Во дворе стоит какой-автозак, кажется "партизанские". Его начальник конвоя уже дважды приходил ругаться, даже позвонил полусонном начальства и начал наседать, чтобы арестованных приняли впрочем здесь, что в Боровляны он их не повезет, что в тех Боровлянах, с которыми он лично имел интимные отношения, их все равно развернуть, так как у него в "заковали" не сбиты, и не больные. Появляется он в конце часа через три и звонит дежурному офицеру в МВД, что арестованные в него уже более трех часов находятся в машине, что они уже волком воют, что ему это все надоело вконец, что он сам два дня не ел, не спал, что выгружает их здесь и горы оно огнем. По его тоне не чувствуется обретения какого-то прямого взаимопонимания с дежурным. Но больше сюда данного офицер не приходит. Люди стоят по стаканам, хотя стоят уже невозможно, сесть тоже не можно, почти сутки никто не спал. Считай как в концлагере, - шутили еще в автозаке. - Разве только собак не хватает ... И придумывали систему перагруквання для обмена новостями между камерами и утешали себе шуточками о том, что какие-то американские туристы-экстремалы выложили бы немало денег за такие приключения и стоит представить себе теперь на их месте. Но тут уже действительно трудно: один пытается чуть присесть, два других стоят - и так меняемся.
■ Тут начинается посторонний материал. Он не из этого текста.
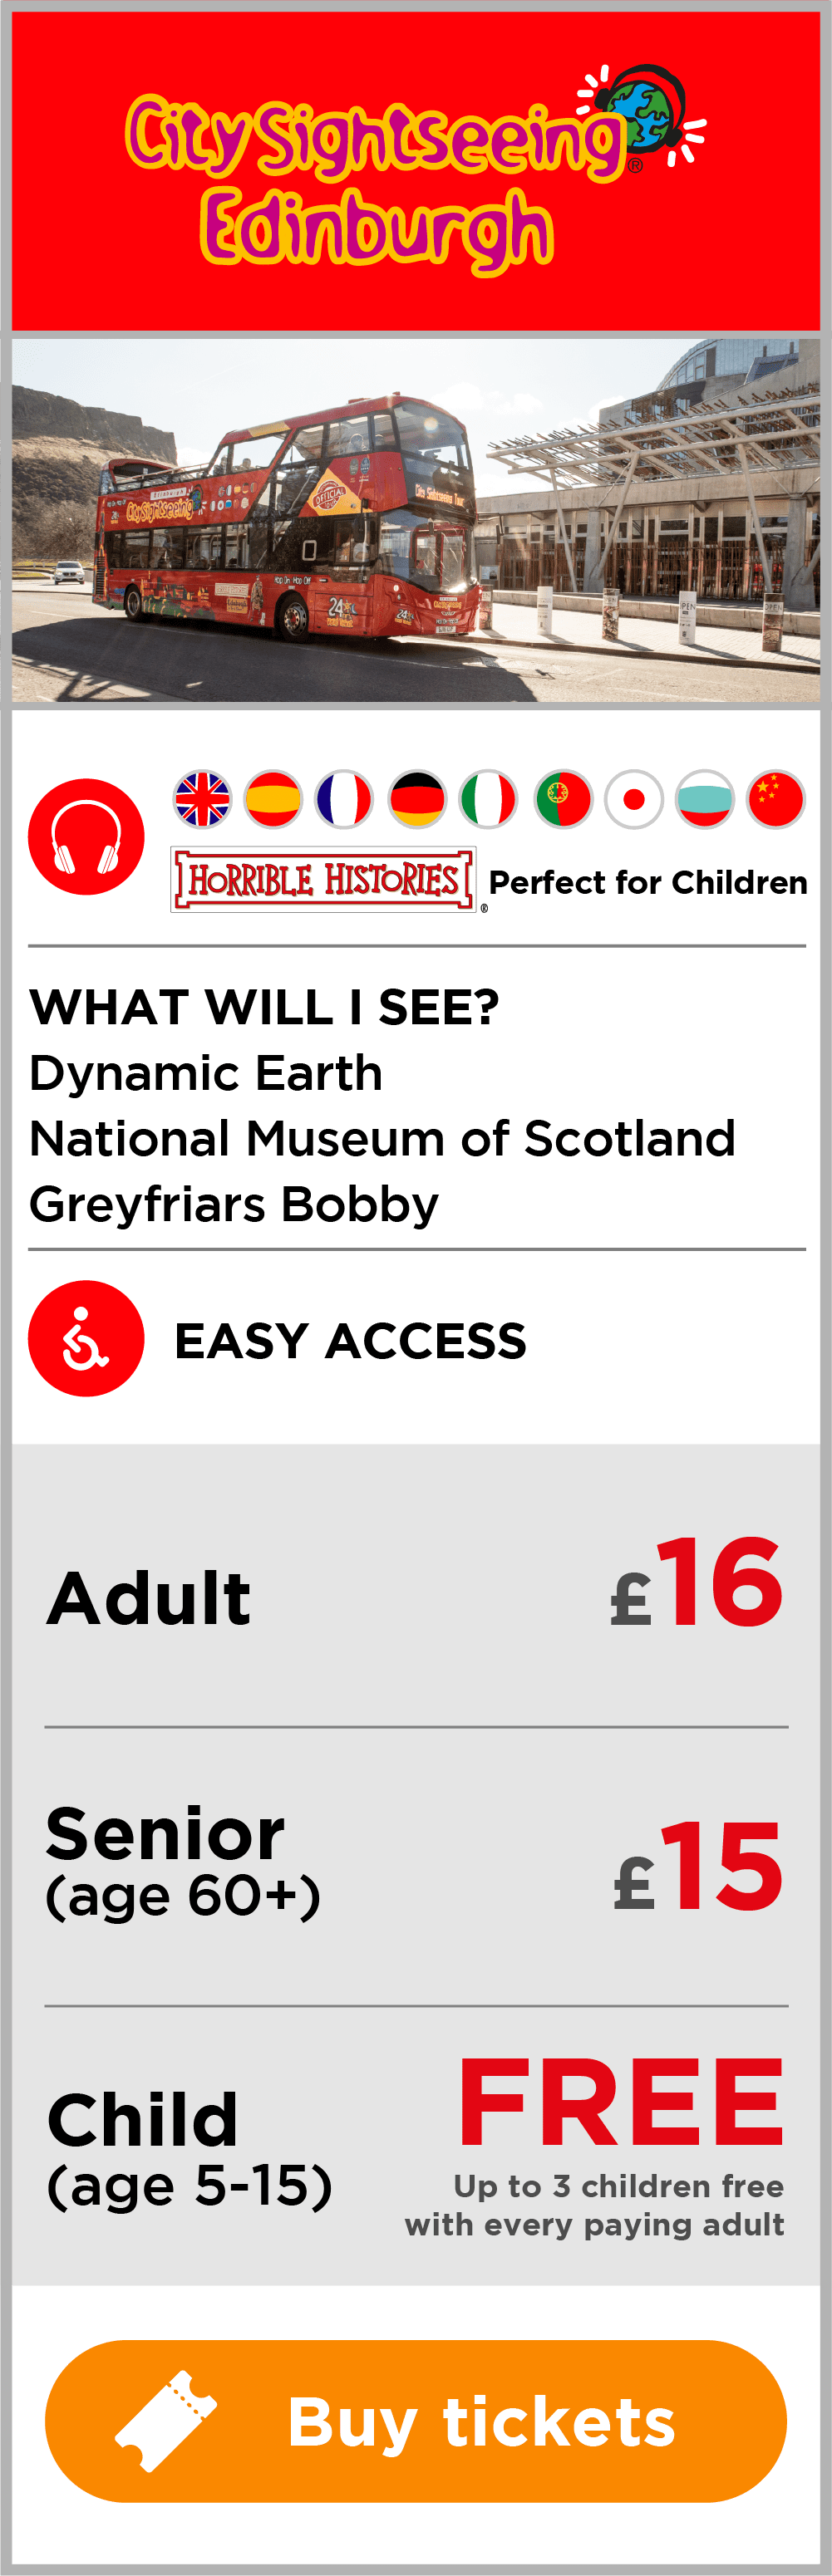 CitySightseeing Tour includes Dynamic Earth National Museum of Scotland Greyfriars Bobby. £16 adult and £15 senior ticket.

"Почему вы так себя ведете с людьми, вы хотите, чтобы вас возненавидели?" - Спрашиваешь через щель в форменной мехавай шапке. "Зря. Я вас тоже ненавижу, через вас другие сутки не ем и не сплю нормально! "- Получаешь циничный, но искренний ответ. Думаешь, тем более что недалеко до гражданской войны, когда ненависть становится взаимной. Видимо не так и далеко ... Ответ же на все просьбы один: мы вас сюда не звали! Хотя отказаться от подобных предложений обычно достаточно трудно.
Сидим уже который час. Наконец достаешь охранников размышлениями вслух о том, что много людей уже почти сутки ютятся по кладовках без пищи и воды, а гипертонический криз штука опасная - вот был человек и за час сгорел, и отвечать за смерть придется не тем, кто давал приказы, а кто караулил. Охранники молчать и таким образом словесную дуэлю этот раз выиграем мы. Может и это или что-то другое, но вынуждает их пойти на какие-то тайные переговоры с начальством, чтобы на сдачу часов дать нам, параставленым по стаканам, бросить свои кости в пустой камере рядом, на первом этаже. Паскидавшы на пол матрасы и палегшы на них или на голые доски двухэтажных тюремных коек, все засыпают неспокойным сном. Сном без снавидав. Сном освобождением.